После чего эта «одна», с которой больше десяти лет мы не виделись, не выходит у меня из головы. Тогда, на занятиях по Чехову, несостоявшийся муж вспоминал солнечные дни на террасе Гритти и молодого, еще не битого жизнью, наглого Кепеша, путешествовавшего по Европе автостопом. Теперь, сидя на террасе «Гритти», куда я пришел, чтобы отпраздновать начало новой прекрасной и спокойной жизни, отпраздновать свое удивительное исцеление, я вспоминаю те давние времена, когда я жил, как шейх; ту ночь в нашей квартире на цокольном этаже, когда и допытывался у Бригитты, чего она хочет больше всего. То, что хотелось мне, те девушки дали мне возможность получить. То, чего хотелось Элизабет, мы оставили напоследок — она сама не знала… потому что в глубине души, как мы узнали потом, когда ее сшиб грузовик, она не хотела ничего. А Бригитта смело говорила о своих желаниях, которые мы удовлетворяли. Да, сидя напротив Клэр, я вспоминаю Бригитту, стоящую передо мной на коленях, ее лицо, поднятое ко мне. «Волосы!» — кричит она, — «Волосы!» А Элизабет, откинувшись на кровати в своем розовом халатике, с застывшим изумлением смотрит на нас. Клэр никогда не станет делать ничего подобного.
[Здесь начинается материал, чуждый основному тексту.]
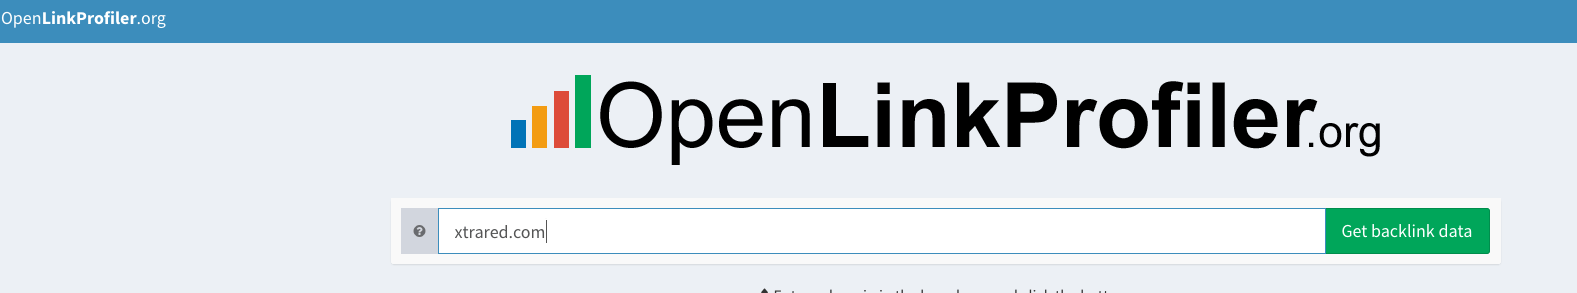 OpenLinkProfiler.org

Как будто из-за того, что все это имеет для меня значение, а Клэр отказывается делать то, что имеет значение для меня, кляня себя за короткую память, за глупость, за неблагодарность, за то, что веду себя, как зеленый юнец, за то, что безумно и самоубийственно лишаю себя всех перспектив, я чувствую непреодолимое влечение, но не к этой приятной молодой женщине, с которой я только что вступил в многообещающую жизнь, а к маленькому моему товарищу с торчащими зубками, которого я видел в последний раз покидающим мою комнату среди ночи, где-то недалеко от Руана больше десяти лет назад. Тому, кто страстно желал меня самого, к этой потерянной душе, к тому, кто внутренне преодолел барьер допустимого задолго до того, как на это решился я. О, Бригитта, уходи! На этот раз мы в нашей комнате в Венеции, в отеле на узкой улочке Заттери, недалеко от того мостика, где Клэр сегодня утром сфотографировала меня. Я завязываю ей глаза платком и склоняюсь над ничего не видящей девушкой… «Говори мне что-нибудь, все, что хочешь», — шепчет Бригитта, я пытаюсь, и странные приглушенные звуки вырываются из моей груди.
Я испытывал тогда к Бригитте — я никогда не захочу причислить то время к затянувшейся бестолковой юности, — растущее чувство сладострастного подобия… а к Клэр, этой пылкой и любящей моей спасительнице? Злость, разочарование, отвращение. Презрение ко всему, что она делает так безупречно, и обида из-за того, что отказывает мне в малости. Я чувствую, что легко смогу без нее обойтись. Без фотографий. Без листочков. Без учебных планов. Без всего.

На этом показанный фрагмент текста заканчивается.